ABOUT THIS EXERCISE »
Leave out the pictures and repeat exactly the lines from the one containing "Jacco de Kluijver, nuevo" through the final line of the listing below.

DATA SECTION »
..........

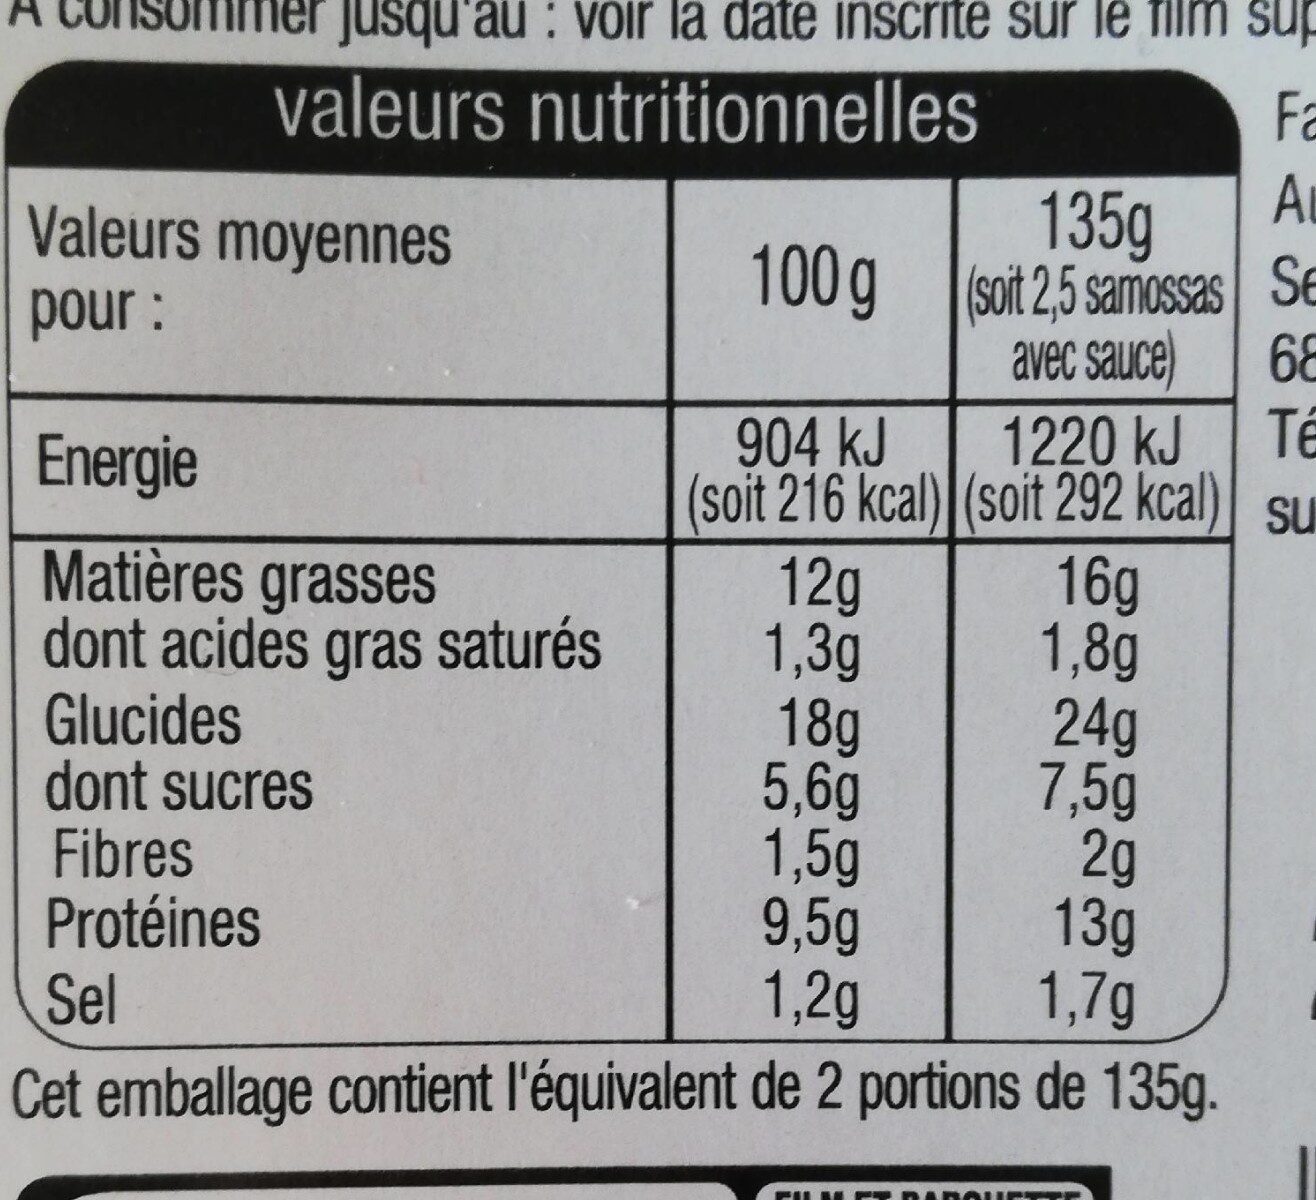 Recette d'indesamossa pouletsauces aigre douce4 +1 offert - Nutrition facts - fr
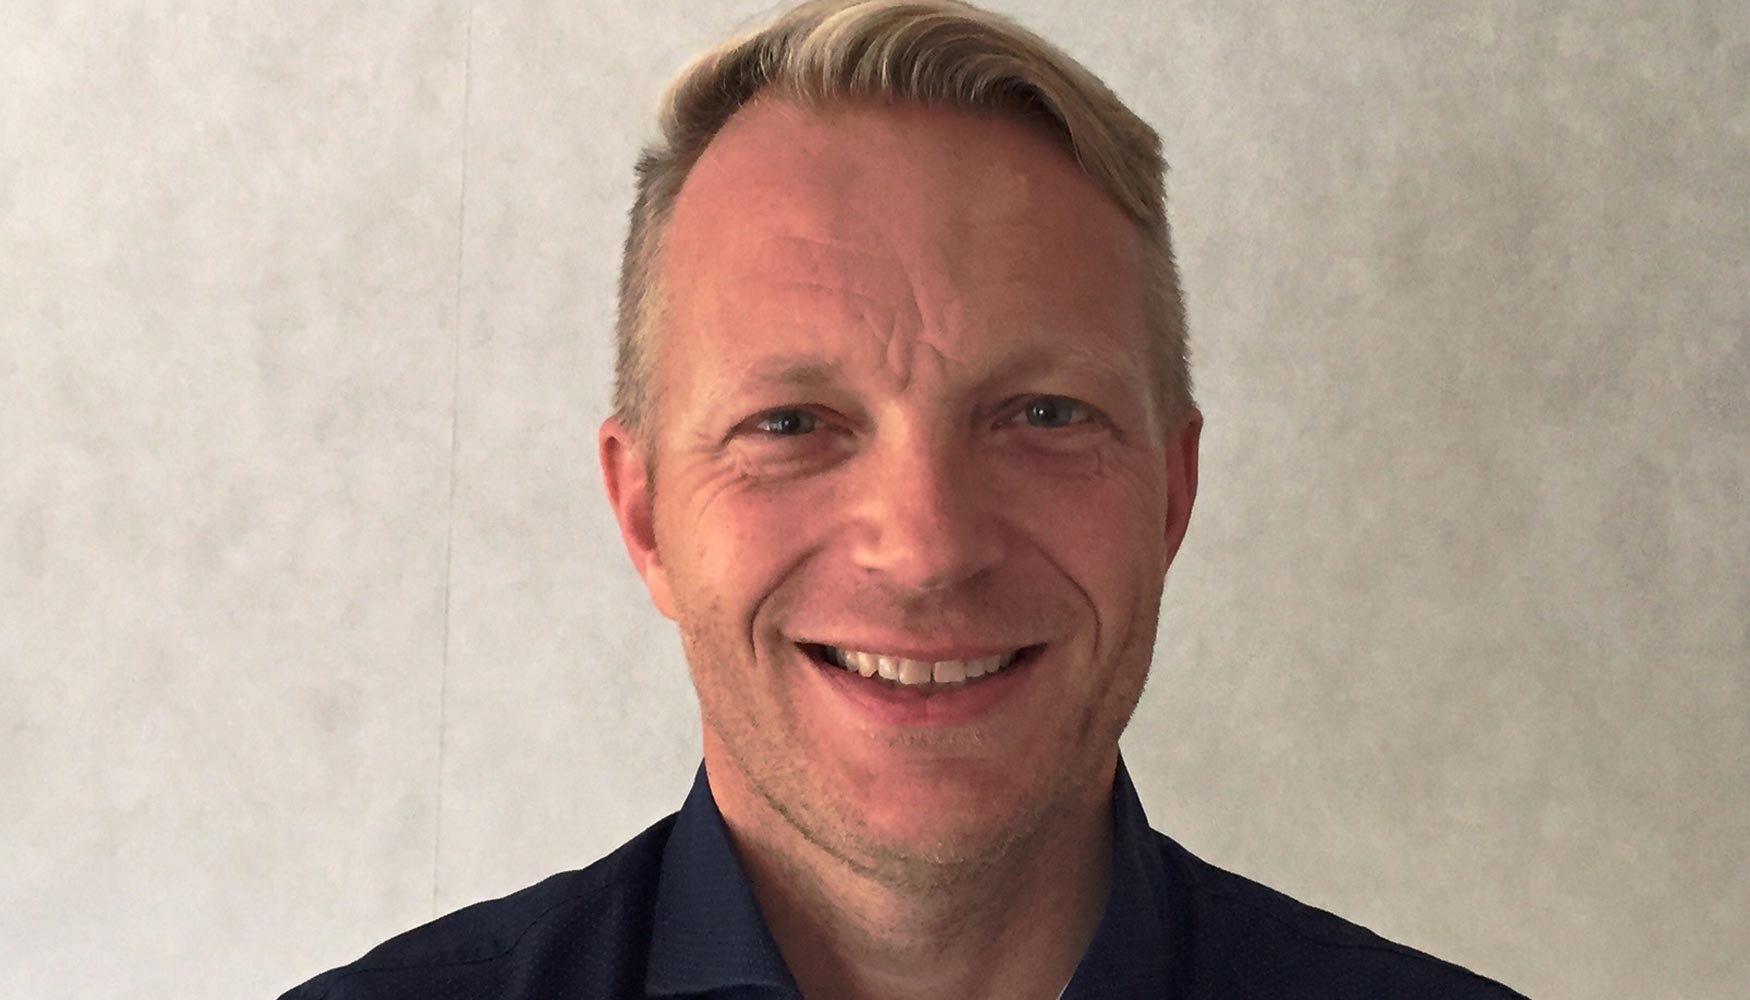 Jacco de Kluijver, nuevo vicepresidente de ventas y marketing de Terex AWP Emear
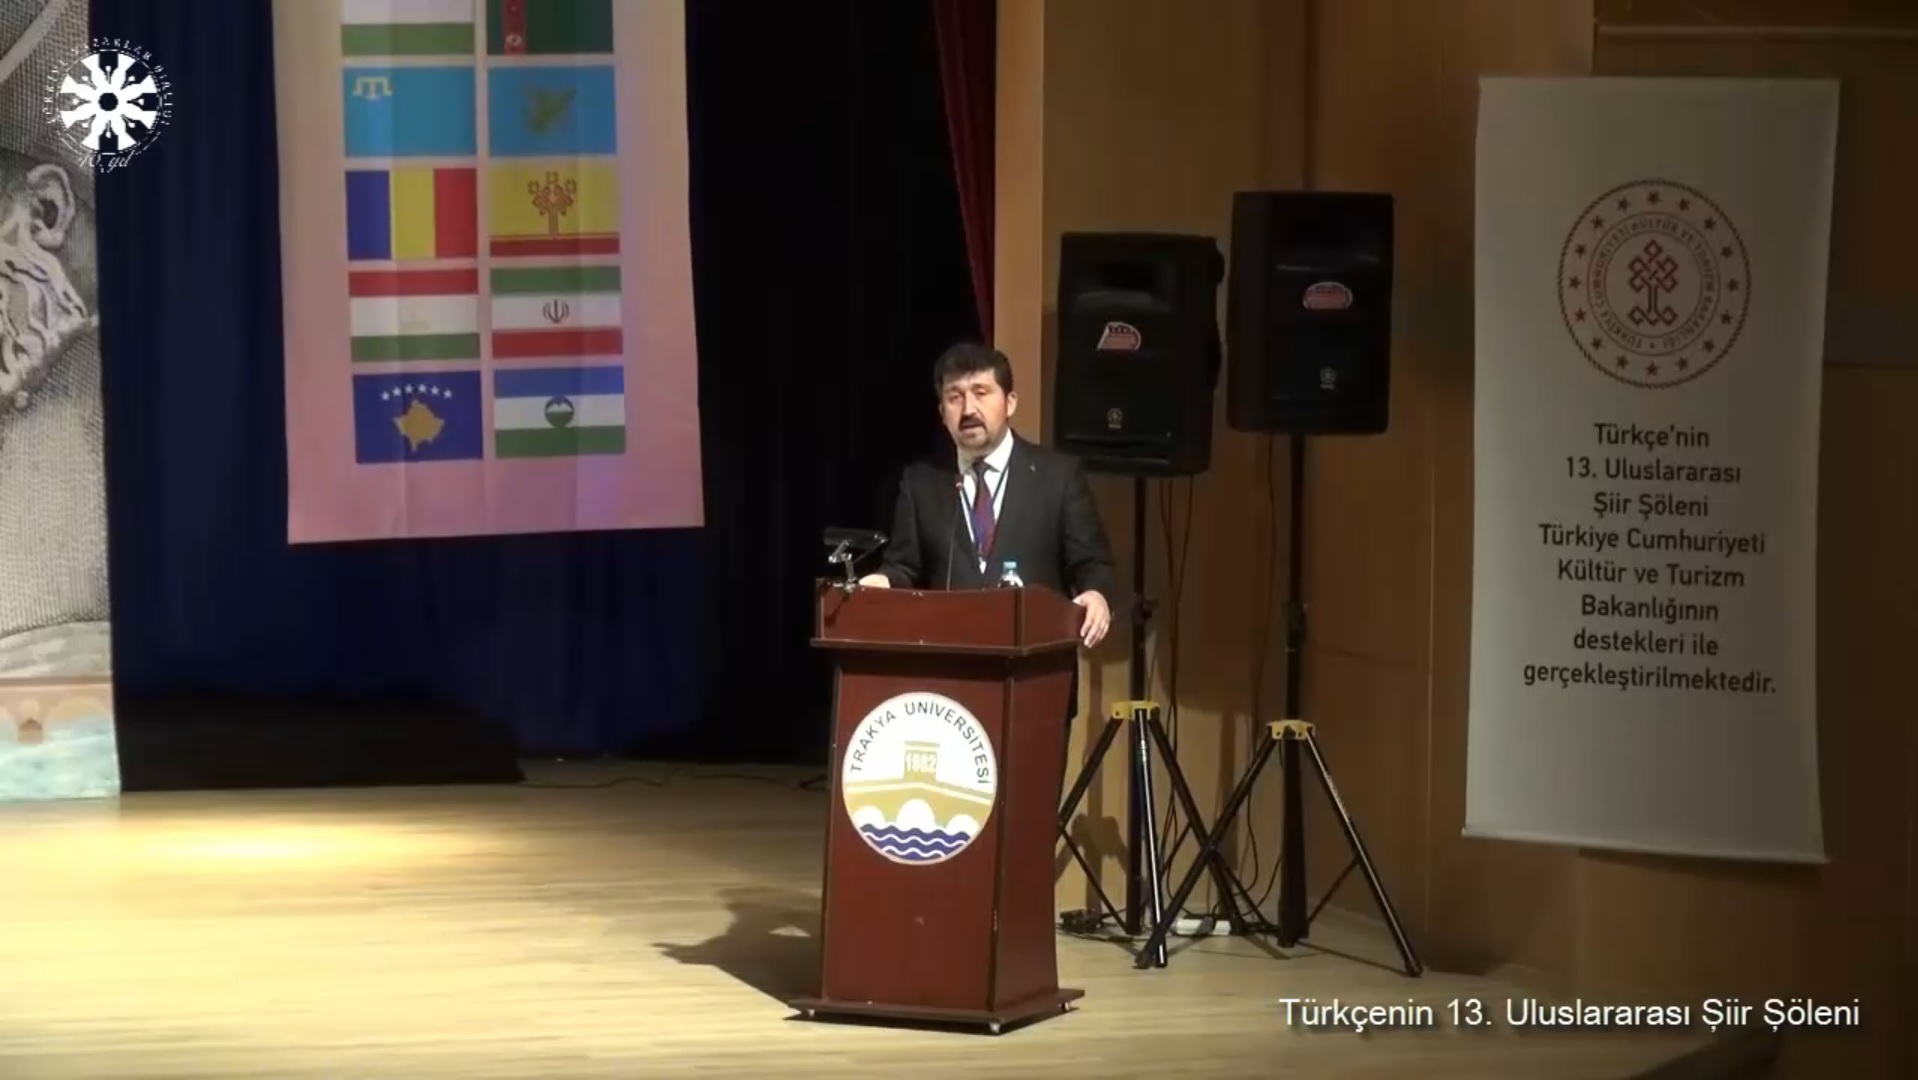 Prof. Dr. Musa Kazım Arıcan: Şair içinde bulunduğu toplumun meselelerine duyarsız kalamaz

..........

REPLY »
 Jacco de Kluijver, nuevo vicepresidente de ventas y marketing de Terex AWP Emear
 Prof. Dr. Musa Kazım Arıcan: Şair içinde bulunduğu toplumun meselelerine duyarsız kalamaz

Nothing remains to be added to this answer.